WHAT IS NEEDED — Set the data below down again, exactly, with every picture left out.

---------- AVAILABLE DATA

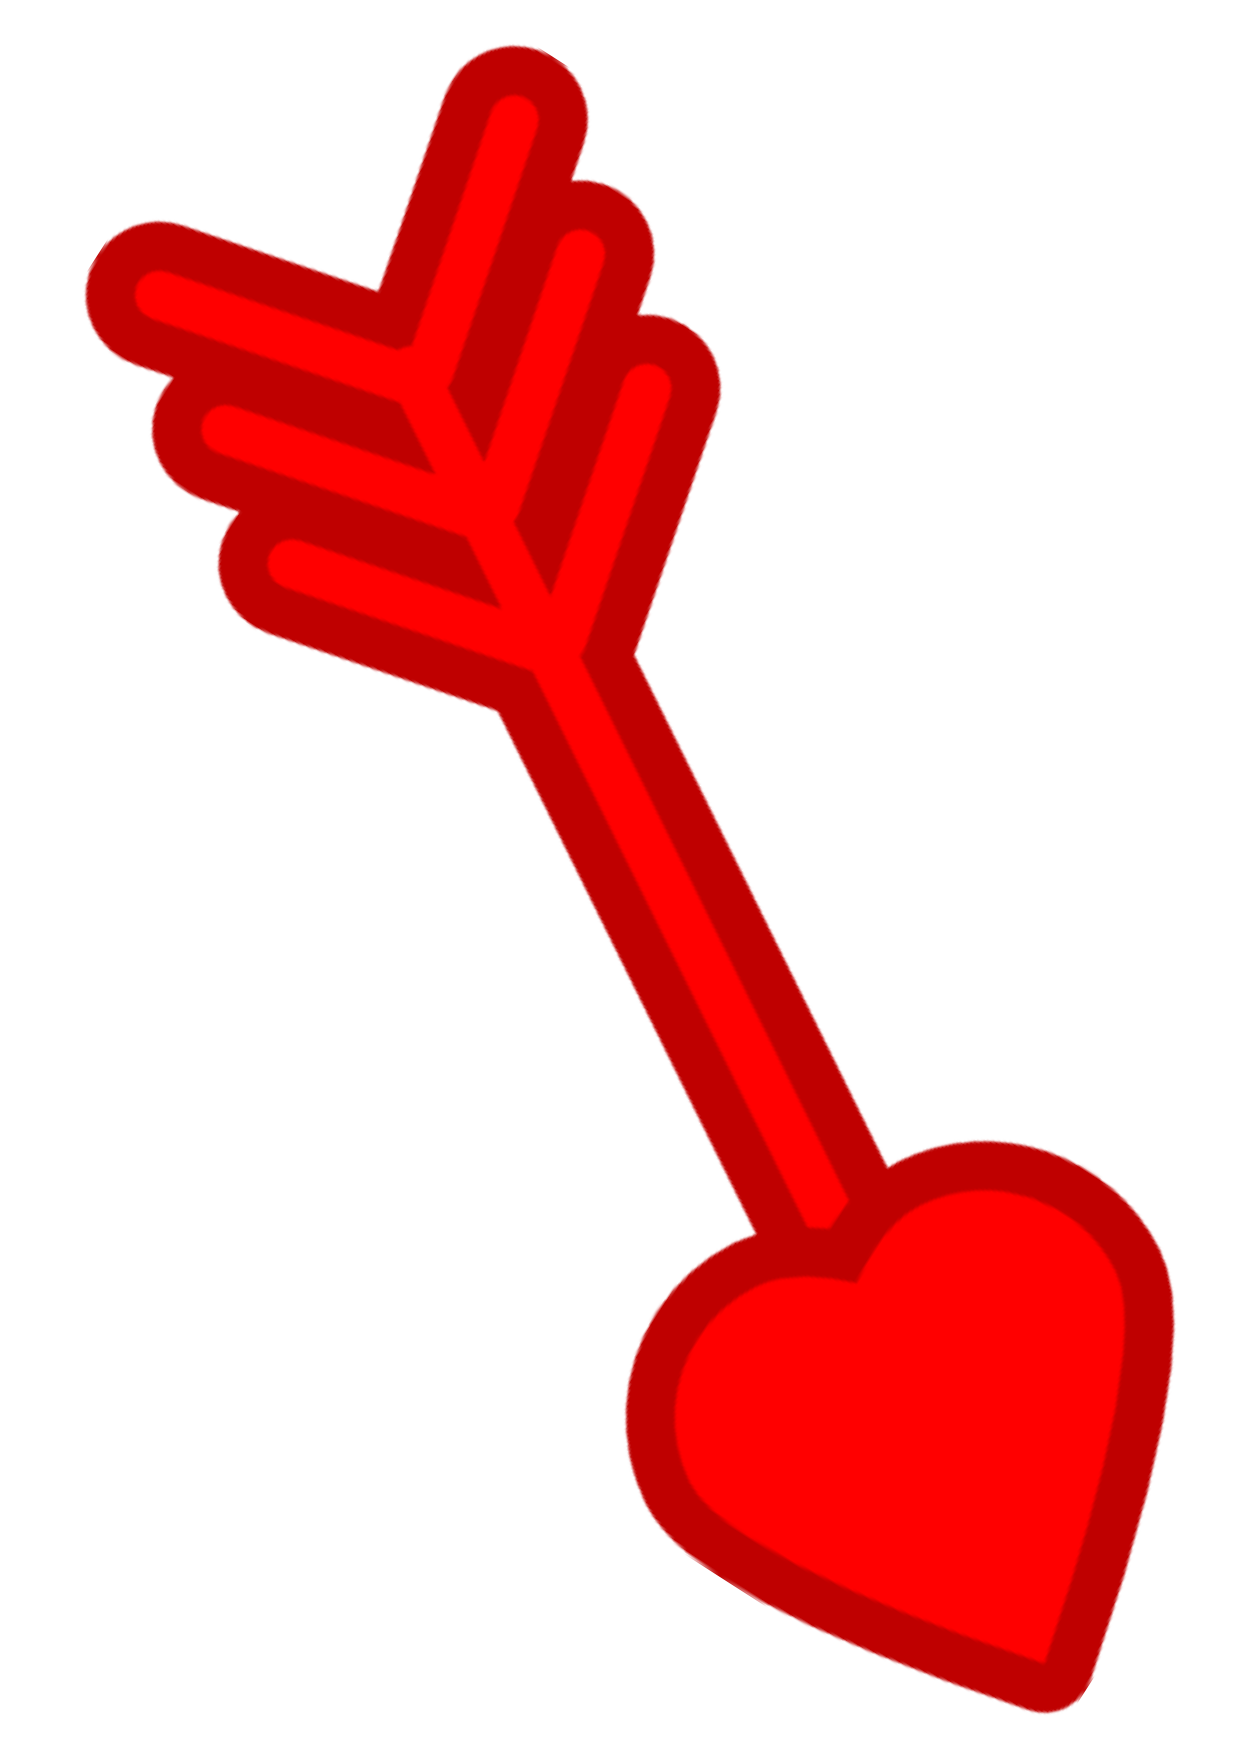 Download PNG image - Heart Cupid Arrow Transparent Background 
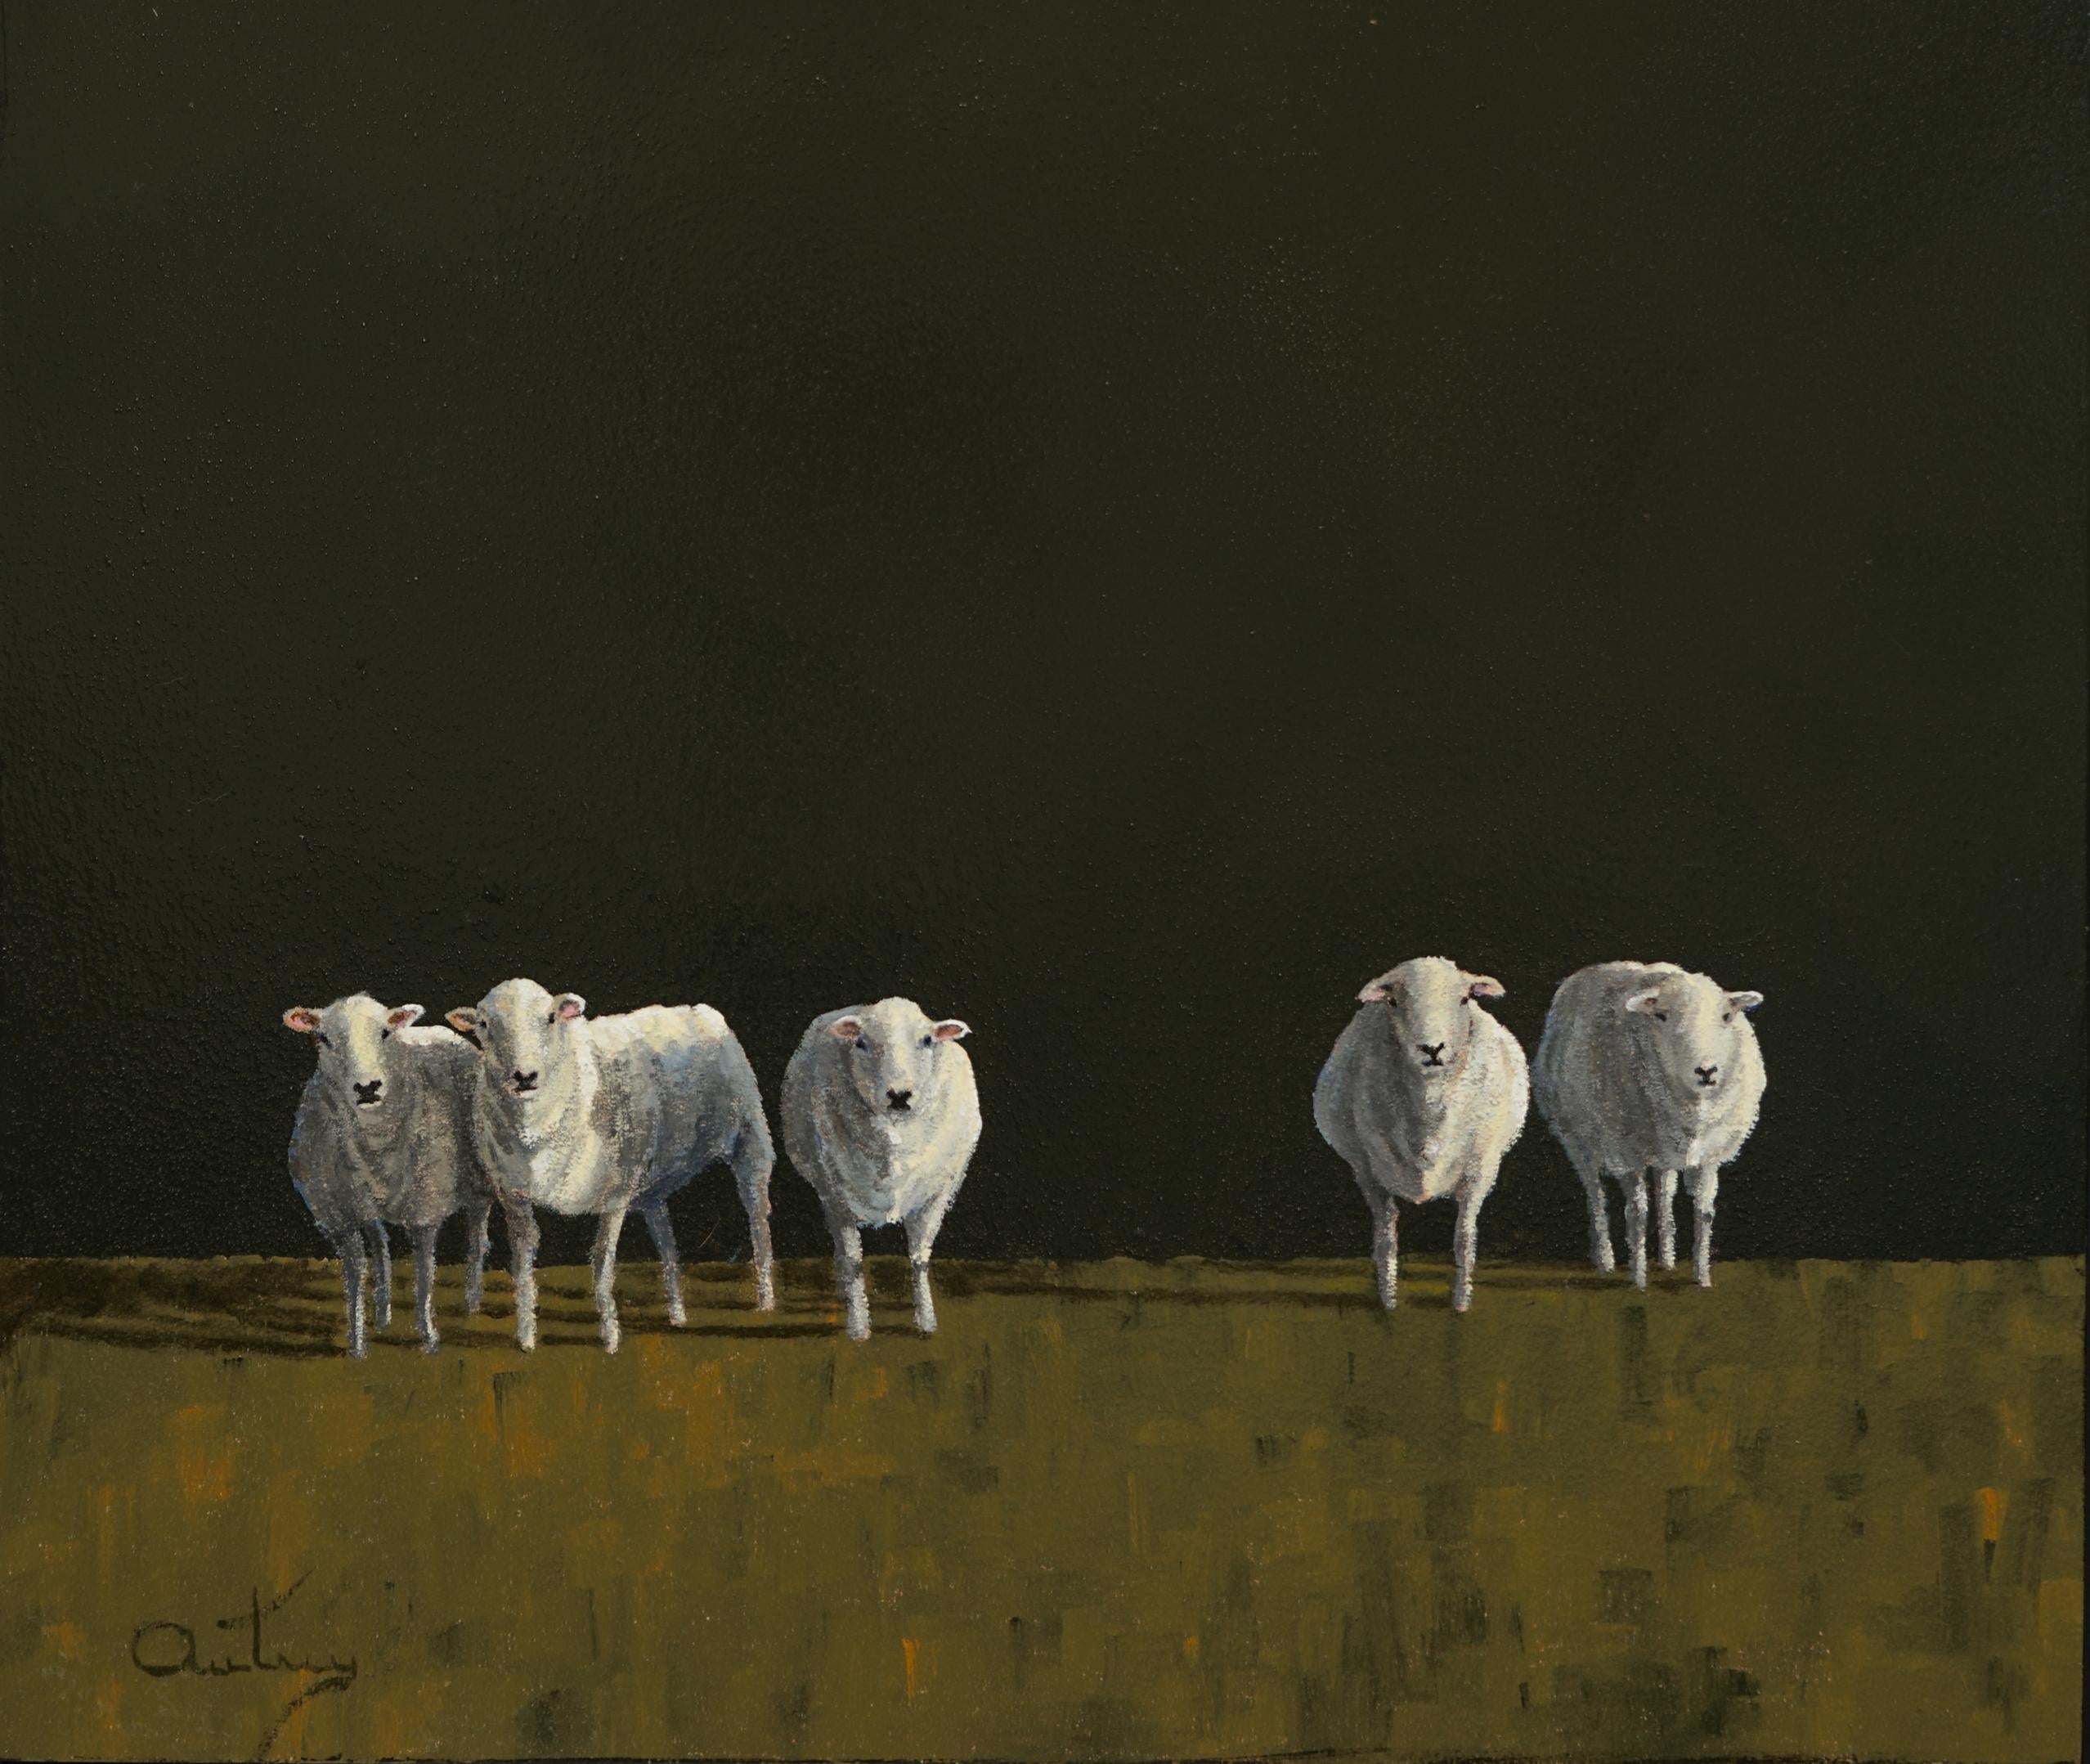   LOOK FOR FREE SHIPPING AT CHECKOUT. 

A Gathering  is an 18 x 14 oil on panel painting of sheep who look as if they are in  search of something. A Gathering is by Texas artist Luke Autrey who lives and paints in Austin, Texas. In this painting

--------------------

EXPECTED ANSWER —
 Download PNG image - Heart Cupid Arrow Transparent Background 
   LOOK FOR FREE SHIPPING AT CHECKOUT. 

A Gathering  is an 18 x 14 oil on panel painting of sheep who look as if they are in  search of something. A Gathering is by Texas artist Luke Autrey who lives and paints in Austin, Texas. In this painting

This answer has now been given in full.